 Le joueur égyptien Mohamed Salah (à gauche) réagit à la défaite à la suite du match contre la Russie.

.....

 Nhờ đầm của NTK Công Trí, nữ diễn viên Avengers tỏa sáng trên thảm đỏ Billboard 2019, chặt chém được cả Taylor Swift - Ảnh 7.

.....

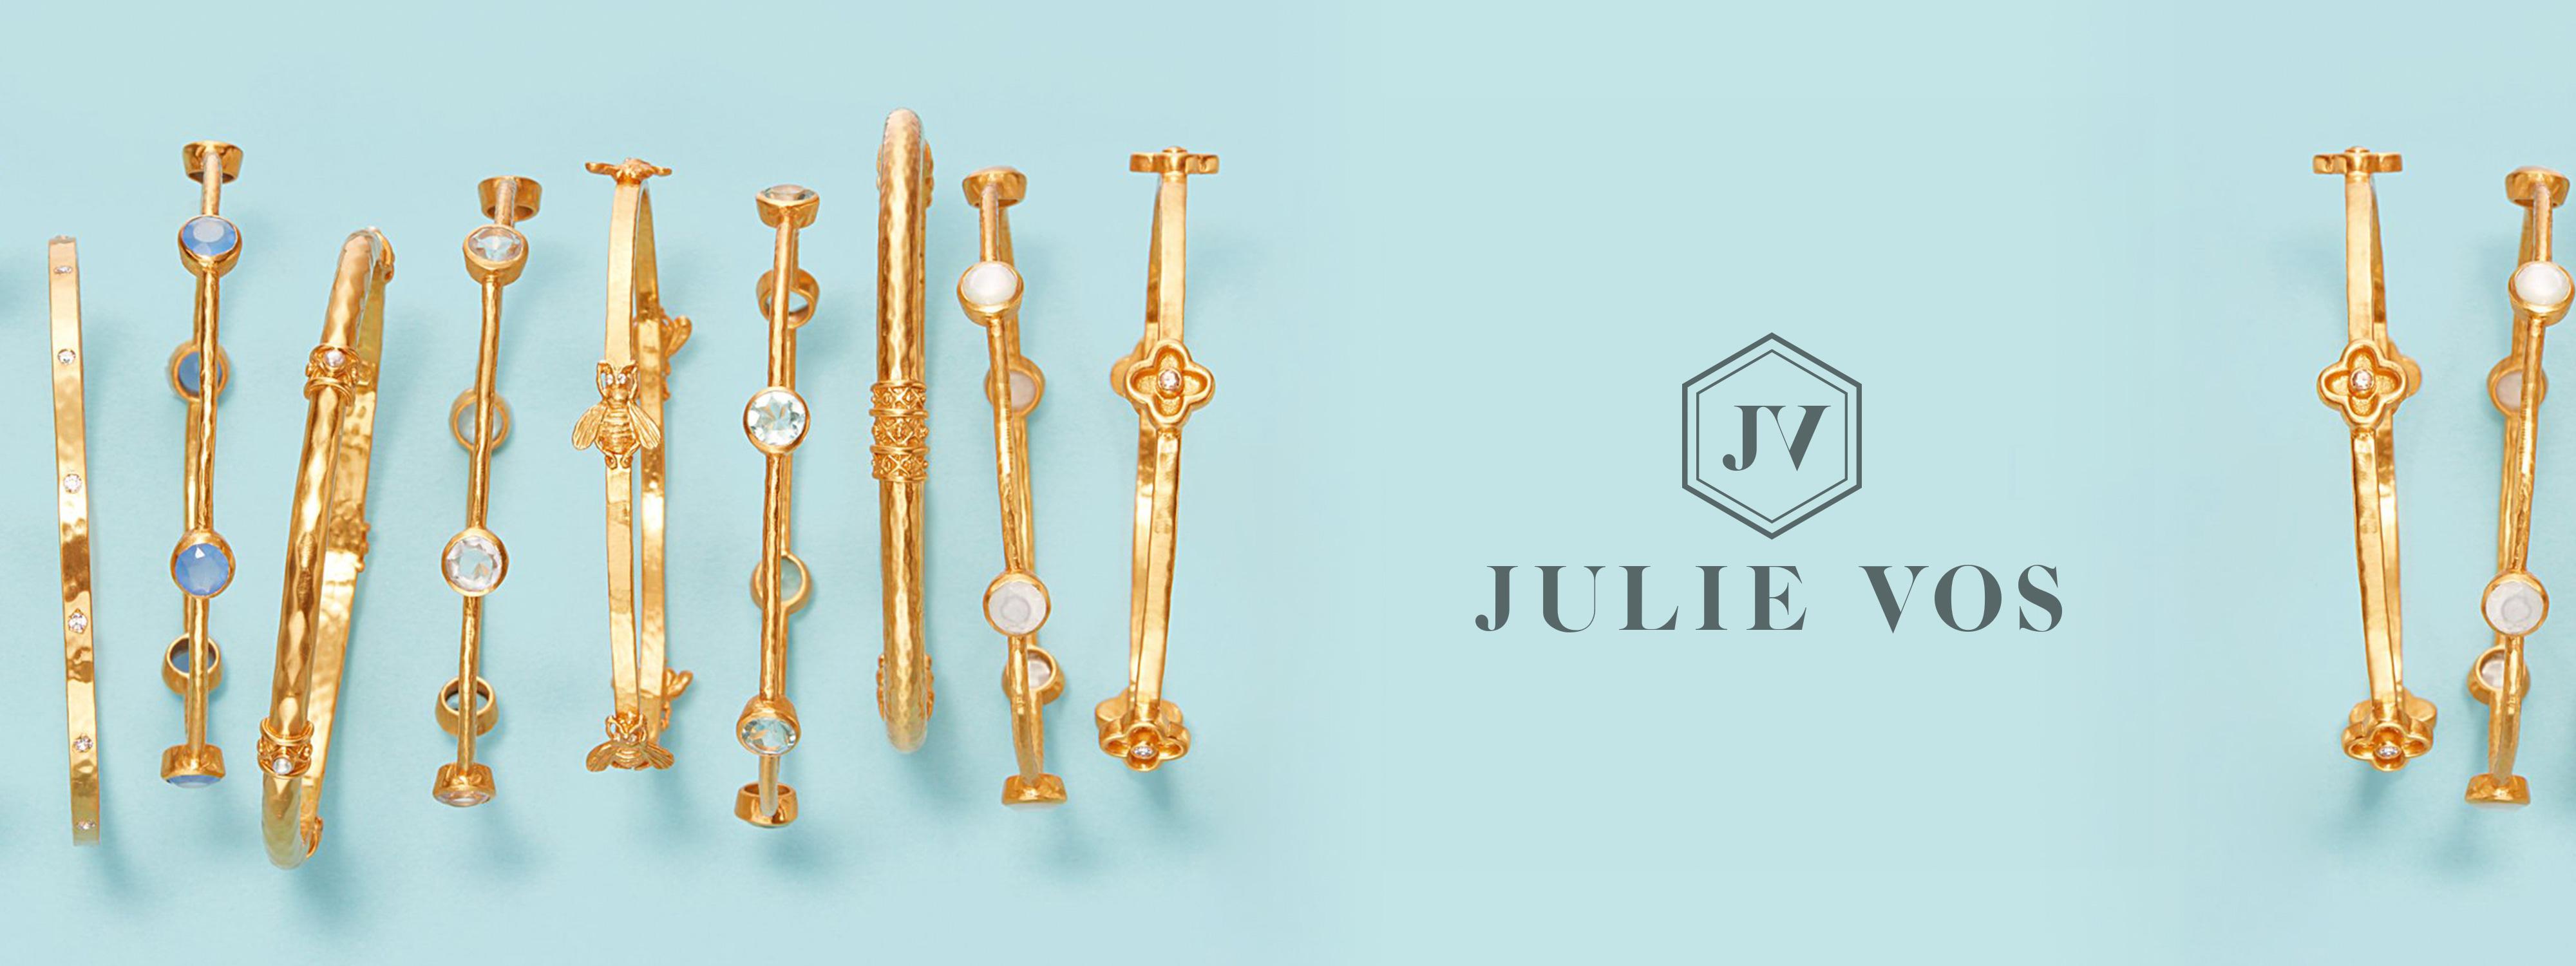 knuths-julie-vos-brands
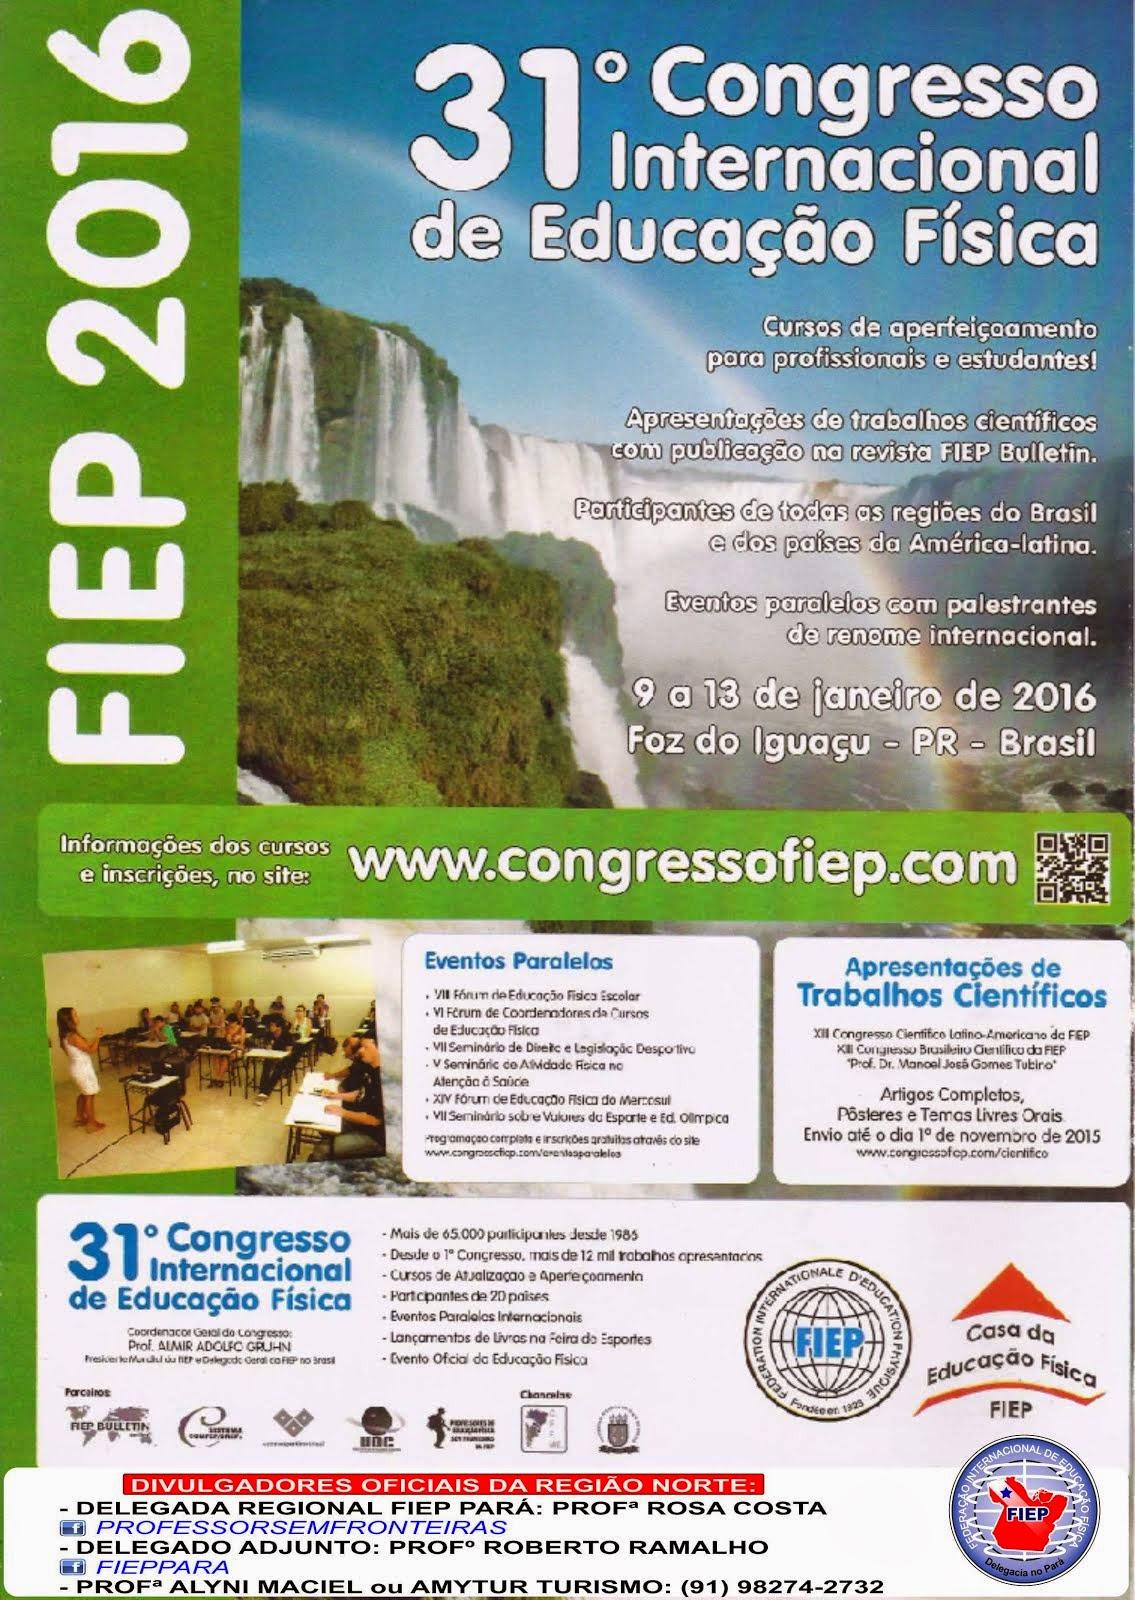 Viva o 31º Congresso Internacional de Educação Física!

.....

Return the material from the line containing "knuths-julie-vos-brands" through the line containing "Viva o 31º Congresso", exactly and in full, but without its pictures.

-- Finished task --
 knuths-julie-vos-brands
 Viva o 31º Congresso Internacional de Educação Física!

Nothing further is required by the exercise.